In political science, there is an increasing availability of cross country survey data, such as the Comparative Study of Electoral Systems (CSES, 33 countries) and the World Values Study (WVS, more than 70 countries). What is the best way to analyze data with this structure, specially when one suspects a great deal of heterogeneity across countries?

The structure of cross-section survey data has a small number of countries relative to the number of observations in each country. This, of course, is the exact opposite of panel data. Methods such as random effects logit or probit work well under the assumption that the number of countries goes to infinity and the number of observations in each country is small. In fact, the computational strategies (Gauss-Hermite quadrature and variants) are only guaranteed to work when the number of observations per country is small. Another useful technique, robust standard errors clustered by country, is also known to provide overconfident standard errors when the number of clusters (in our case, countries) is small.

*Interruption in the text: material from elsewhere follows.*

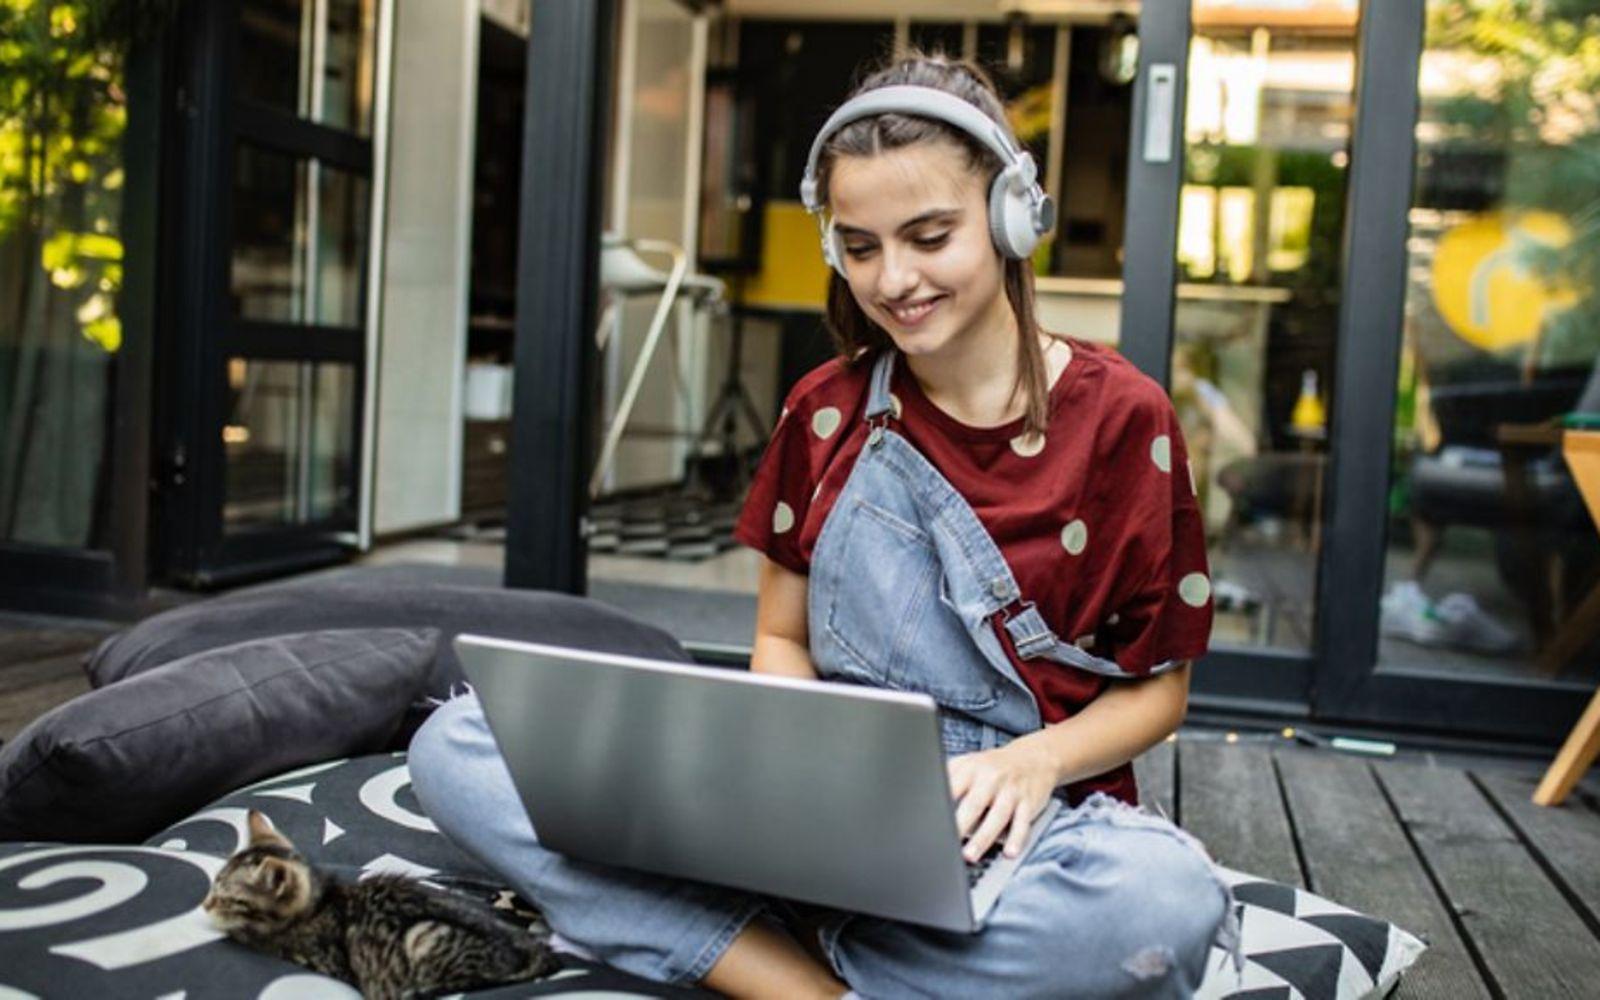 Symboldbild für Online-Shopping: Ein Teenager-Mädchen sitzt vorm Computer und shoppt online
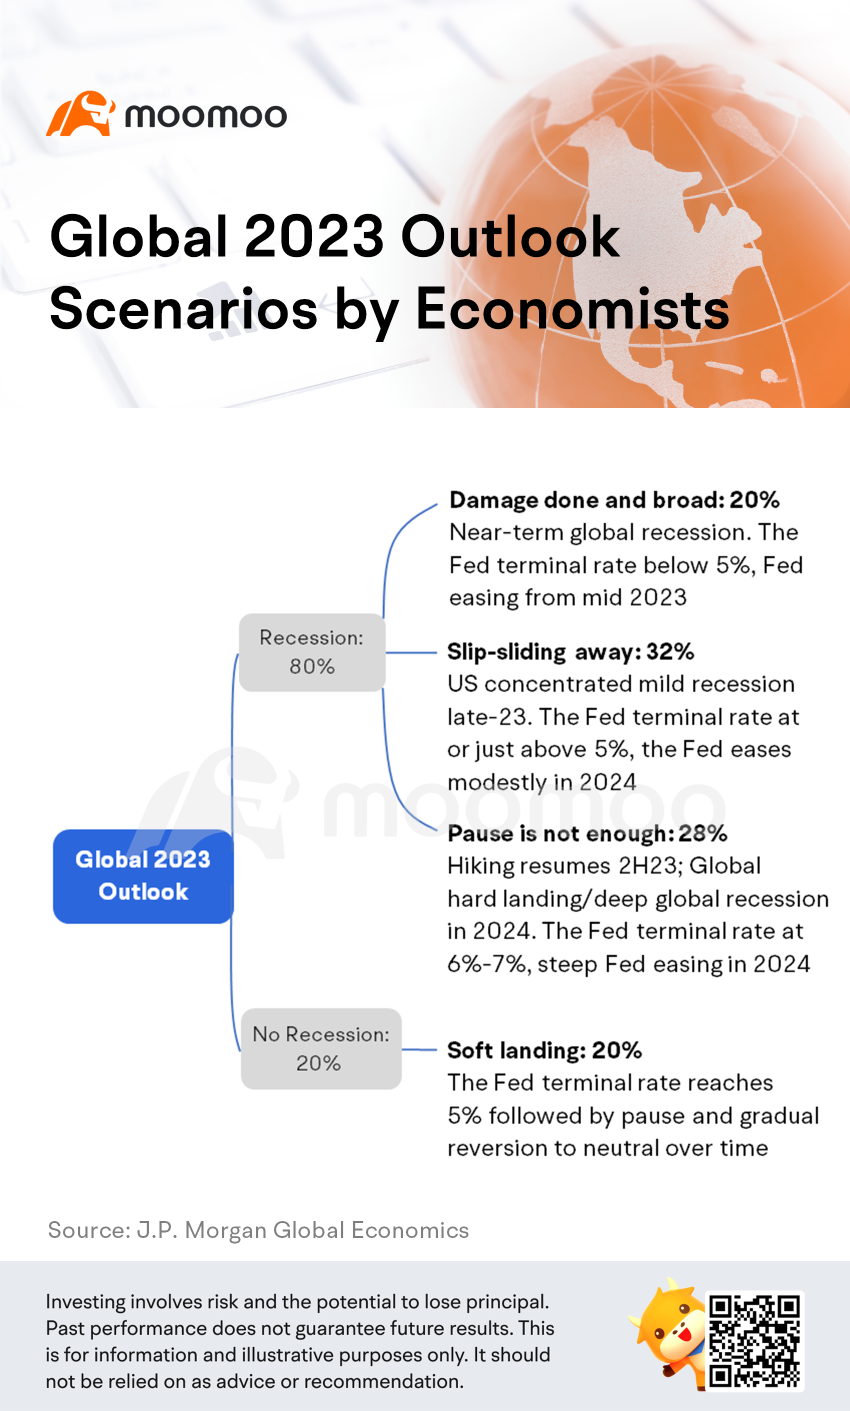 經濟學家分析的全球 2023 年展望場景

Bayesian Multilevel models would work, but are we really worried about efficiency when we have more than 1000 observations per country?

Different people in the discipline have been suggesting a two step strategy. The first step involves estimating separate models for each country, obviously including only variables which vary within countries. Then one estimates a model for each coefficient as a function of contextual level variables (that are the main interest). Since the number of observations in each country is large, under standard assumptions the individual level estimates are consistent and asymptotically normal. We can take each of the individual level estimates to be a reduced form parameter of a fully interactive model.

The country level model might be estimated via ordinary least squares, or one of the various weighting schemes proposed in the meta-analysis literature (in addition to, of course, Bayesian Meta-Analysis). What are the potential problems and advantages of such approach? Here are the ones I can think of:

Advantages :

1) We don’t need to give a distribution for the individual level estimates. That is, one need not to assume that the “random effects” have, for example, a normal distribution. The coefficients are simply estimated from the data.

2) Computational Speed when compared to full MCMC methods.

3) Some monte carlo evidence showing that the standard errors are closer to the nominal levels than alternative strategies.

Disadvantages:

1) When fitting discrete choice models (e.g. probit, logit) we need to worry about the scale invariance (we estimate beta/sigma in each country, but we do not constraint sigma to be the same across countries). Any ideas on how to solve this problem?

2) Efficiency losses (which I think are minimal)

Further issues:

1) Does it have any advantages over an interactive regression model with, say, clustered standard errors? Or GEE? Relatedly, do we interpret the effects as regular conditional (i.e. random effects) model?

2) Is it worrisome to fit a maximum likelihood in the first step and a bayesian model at the second?

We (John Huber, Georgia Kernell and Eduardo Leoni) took this approach in this paper, if you want to see an application. It is still a very rough draft, comments more than welcome.

Andrew commented:

To start with, don't worry about computational issues. Fit a model that makes sense, then simplify if need be.

It makes sense to start by fitting a separate model to the data from each country, then modeling the coefficients in the second stage. As you note, this is an approximation to hierarchical modeling which will be reasonable if you have precise estimates within each country.